FRESH MORNING LINKS! Now with less pork!
ITEM: Best headline of the day: “New Media vs. Gnostic Bureaucracies”. It also happens to be an outstanding article; here’s a key passage:
News media enterprises today are subject to market forces and are facing consequences – the destruction of many recently prosperous enterprises and types of enterprises.
But the modern nation-states – and the supranational organizations like the United Nations — are stiflingly bureaucratic. They are less subject to market forces than are businesses, and in reaction to the current economic panic – a crisis of abundance, not of scarcity – the big governmental and intergovernmental bureaucracies are opportunistically seizing more power.
The bureaucracies have a shifting parasite-host relationship with the social engineer, the “international development professional,” and the other types of soulless technocrat whom the late Samuel Huntington called “Davos Man” and Frederick Wilhelmsen called “the egomaniac, lusting gnostically to dominate all existence.” Just contemplate what has taken place in Washington the past two months, and at the Group of 20 Summit in London last week, where Chinese totalitarians, Russian authoritarians, cosmopolitan eugenicists, and Western “democratic” socialists strained to stitch together a Frankenstein monster from the jumble of formaldehyde jars holding the maimed remains of capitalism.
As the saying goes, read the whole thing.
ITEM: Robert Avrech, over at Big Hollywood, recounts his encounter with a stalked woman in a gun shop in Culver City (CA):
“I can’t believe I’m here. I’ve been against guns and violence my whole life.”
I let this pass. Now is not the time for a self-righteous lecture.
ITEM: Defense Sec’y Robert Gates seeks to expand the government payroll by 39,000 while reducing private sector defense contractors. He’s cutting some key weapons programs as well:
Gates also proposed canceling some of Boeing’s missile defense programs, including one to equip a modified 747 aircraft with a laser that can shoot down missiles soon after they’re launched, saying the program “has significant affordability and technology problems and the program’s proposed operational role is highly questionable.”
Boeing would also be hurt because it makes one-third of the F-22 fighter jet and the Pentagon plans to stop ordering additional aircraft. Gates would also cancel the Air Force’s program to build a new search-and-rescue helicopter, which had been awarded to Boeing. And it would not order more of Boeing’s C-17 cargo planes. Boeing could also see a military satellite program, known as TSAT, end.

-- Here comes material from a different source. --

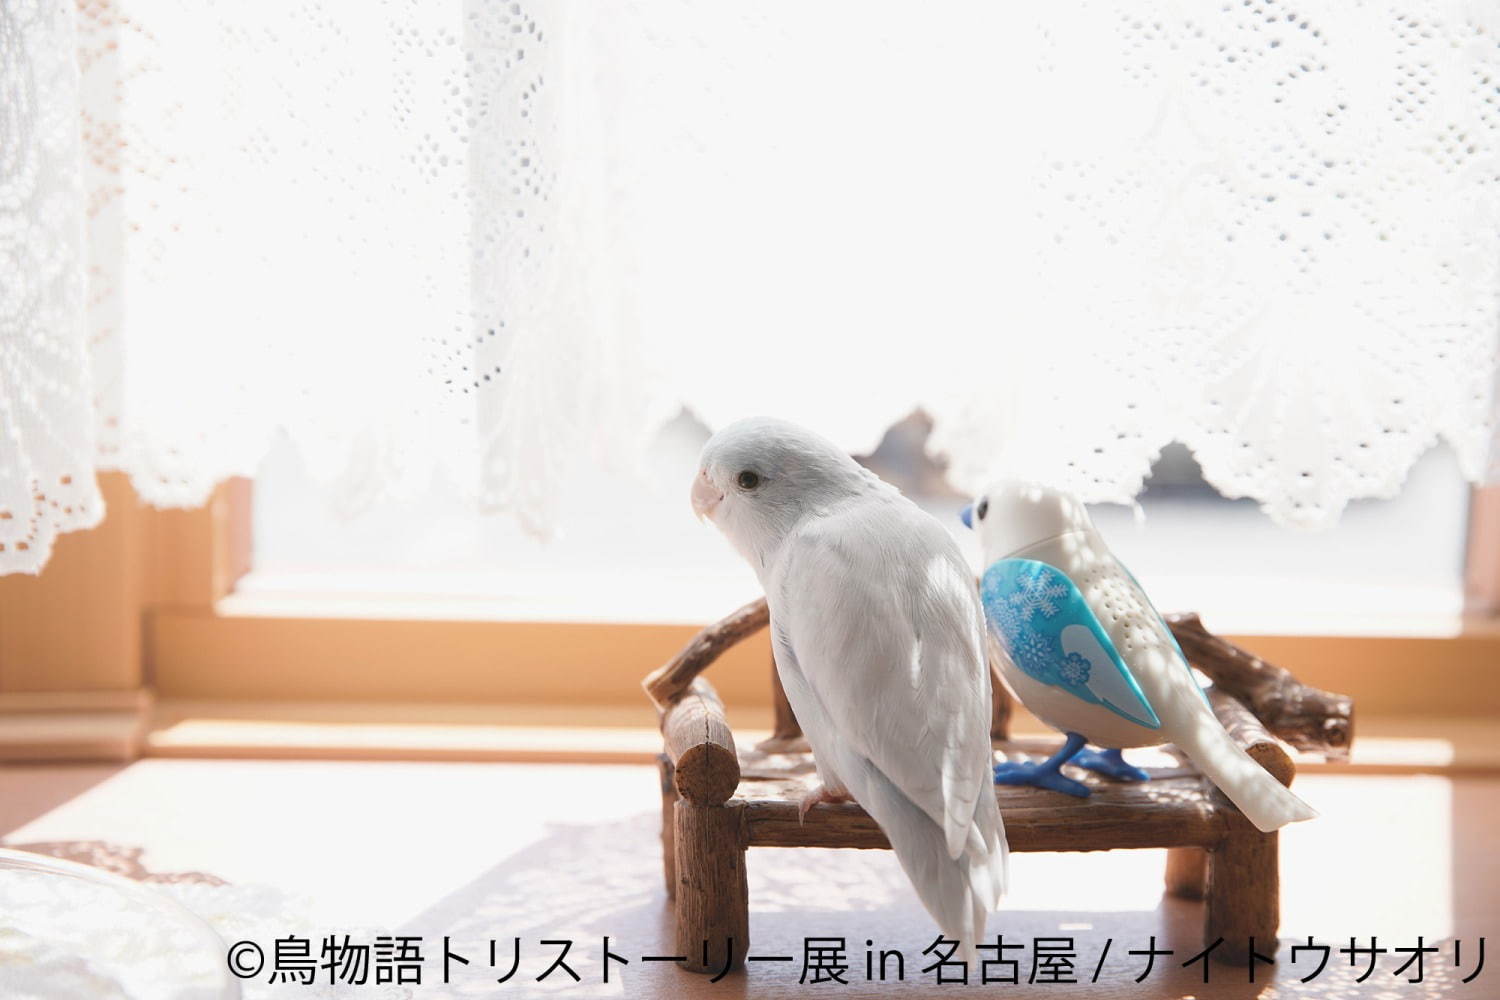 「鳥物語トリストーリー展」名古屋で、鳥の“一瞬の美しさ”を表した写真展＆ハンドメイドグッズ物販｜写真8

Didn’t we go through this with Clinton? And didn’t we really, really regret it when 9/11 happened? I already quoted Santayana a few days ago, so I’ll quote Benjamin Franklin instead: “Experience is a dear school, but fools will learn at no other.”
ITEM: And if Obama appears to be repeating Clinton’s mistakes with the military, he likewise seems to be repeating Jimmy Carter’s mistakes with geopolitics:
Rarely has a Presidential speech been so immediately and transparently divorced from reality as Mr. Obama’s in Prague. The President delivered a stirring call to banish nuclear weapons at the very moment that North Korea and Iran are bidding to trigger the greatest proliferation breakout in the nuclear age. Mr. Obama also proposed an elaborate new arms-control regime to reduce nuclear weapons, even as both Pyongyang and Tehran are proving that the world’s great powers lack the will to enforce current arms-control treaties.

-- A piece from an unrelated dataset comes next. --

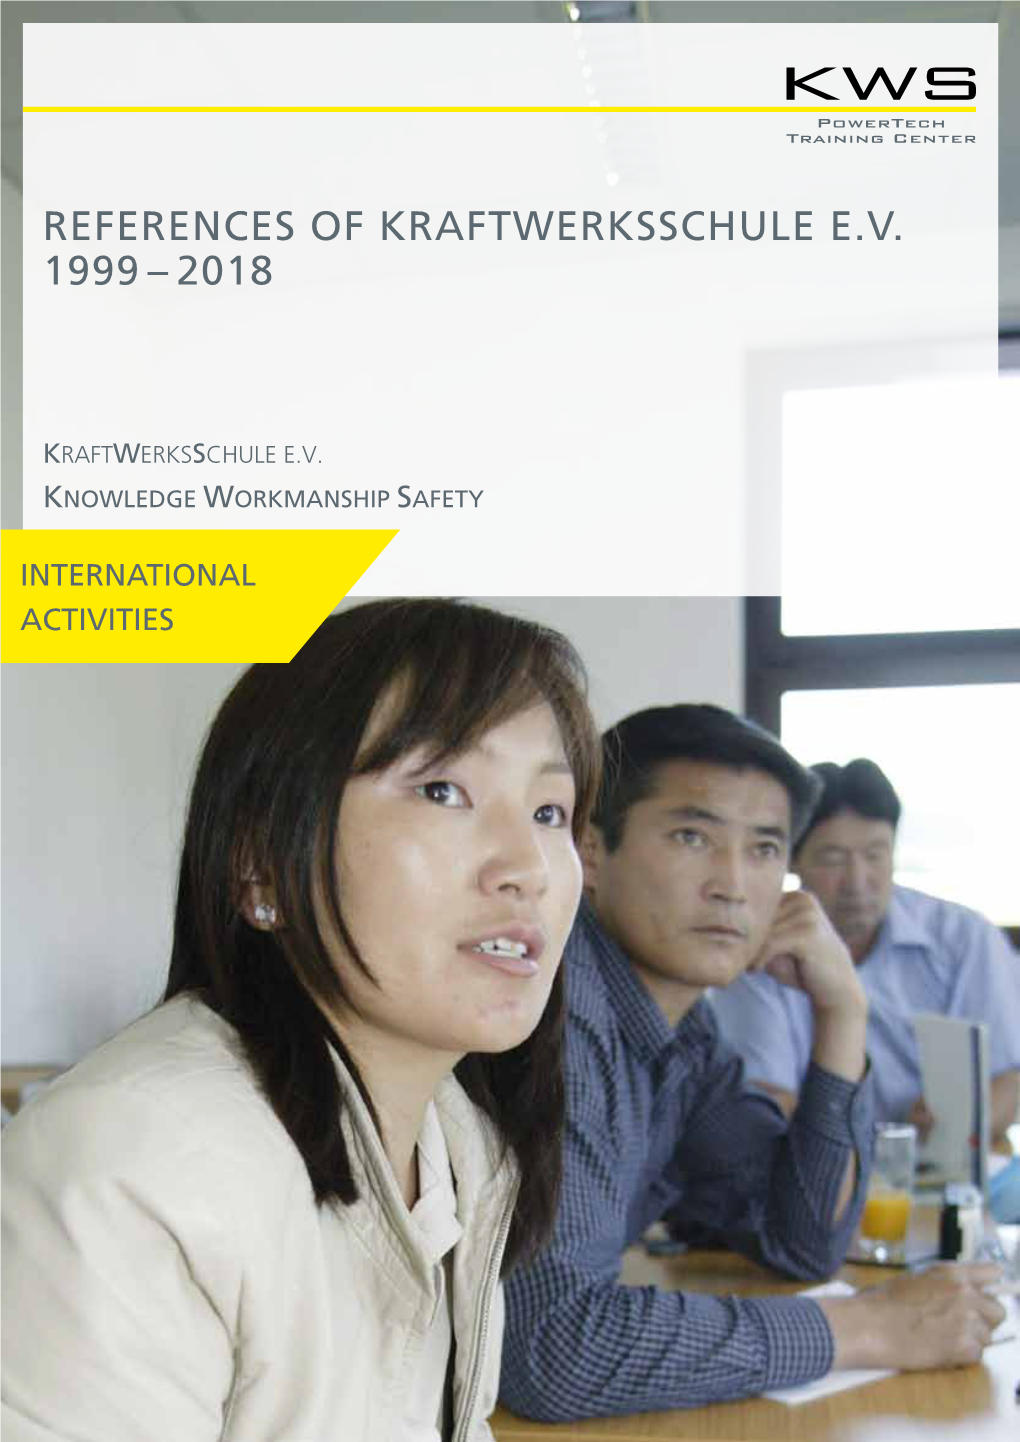 References of Kraftwerksschule E.V. 1999 – 2018

ITEM: Speaking of not learning from experience or history, the Associated Press now wants to go after “content pirates”. Good luck with that; after all, the RIAA has been so successful in its efforts to date.

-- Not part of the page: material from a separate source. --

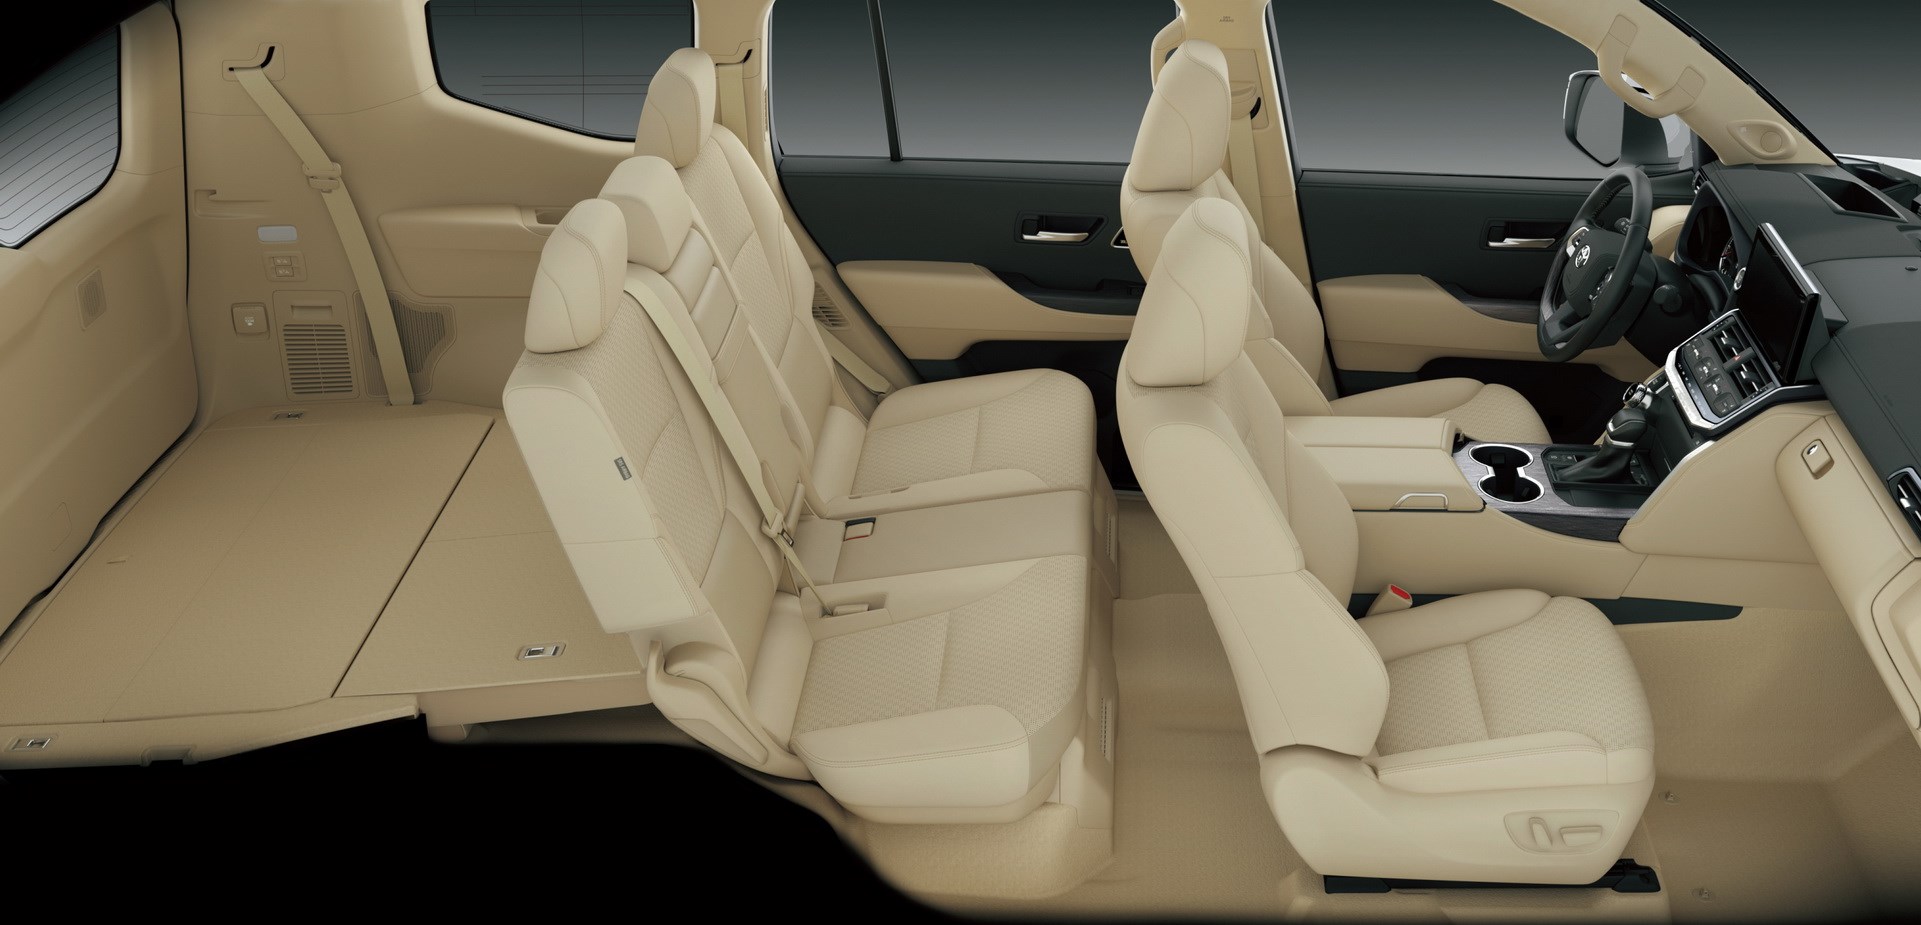 Yeni nesil 2021 Toyota Land Cruiser tasarımı ve özellikleri

ITEM: Creeping socialism/fascism update: Investor’s Business Daily raises the on-going issue as to why the Obama Administration won’t let banks give back TARP funds — is it to maintain control over these institutions?
ITEM: I considered embedding this Onion video, but I thought it might be a bit too, ah, graphic for some of our readers: “Hot new video game consists solely of shooting people point-blank in the face.“ I did find it hilarious, though, particularly in its skewering of the more pretentious side of the video game industry.
ITEM YOU PROBABLY WON’T SEE ELSEWHERE IN THE MSM: The Washington Times reports that the Bush Administration’s African AIDS effort saved 1.1 million lives.
OVERNIGHT LINKS
ITEM: Creeping socialism/facism alert: Remember the Phoenix police? The ones who seized the computer of a blogger critical of them? Well, now they’re detaining photographers for allegedly violating Homeland Security statutes by allegedly taking photographs of a Federal building (the photographers stated they were actually shooting in the opposite direction). When the photographers asked what statute they were violating, the policeman said, “Google it.” Hat tip to the Drunk Report.
ITEM: From various accounts, the US is planning to send Italy far more than the $50,000 reported on wire services as emergency aid in the aftermath of the major earthquake outside of Rome. But a reader over at the Corner at NRO e-mailed Jonah Goldberg with an interesting question:
If Italy accepts their bailout money, will Obama have the power to remove [Italian Prime Minister] Berlusconi?
Good question.
ITEM: Speaking of Obama and Europe, some of the commentators over there are less than impressed with his oratorical prowess:
… am I alone in finding him increasingly to be something of a bore?
His performance at the first press conference in London with Gordon Brown featured moments in which he sparkled – his riff on loving the Queen was a high-point. But most of the serious answers that I listened to were interminable, windy and not very impressive. At points there were pauses so long that it appeared he had simply lost his train of thought.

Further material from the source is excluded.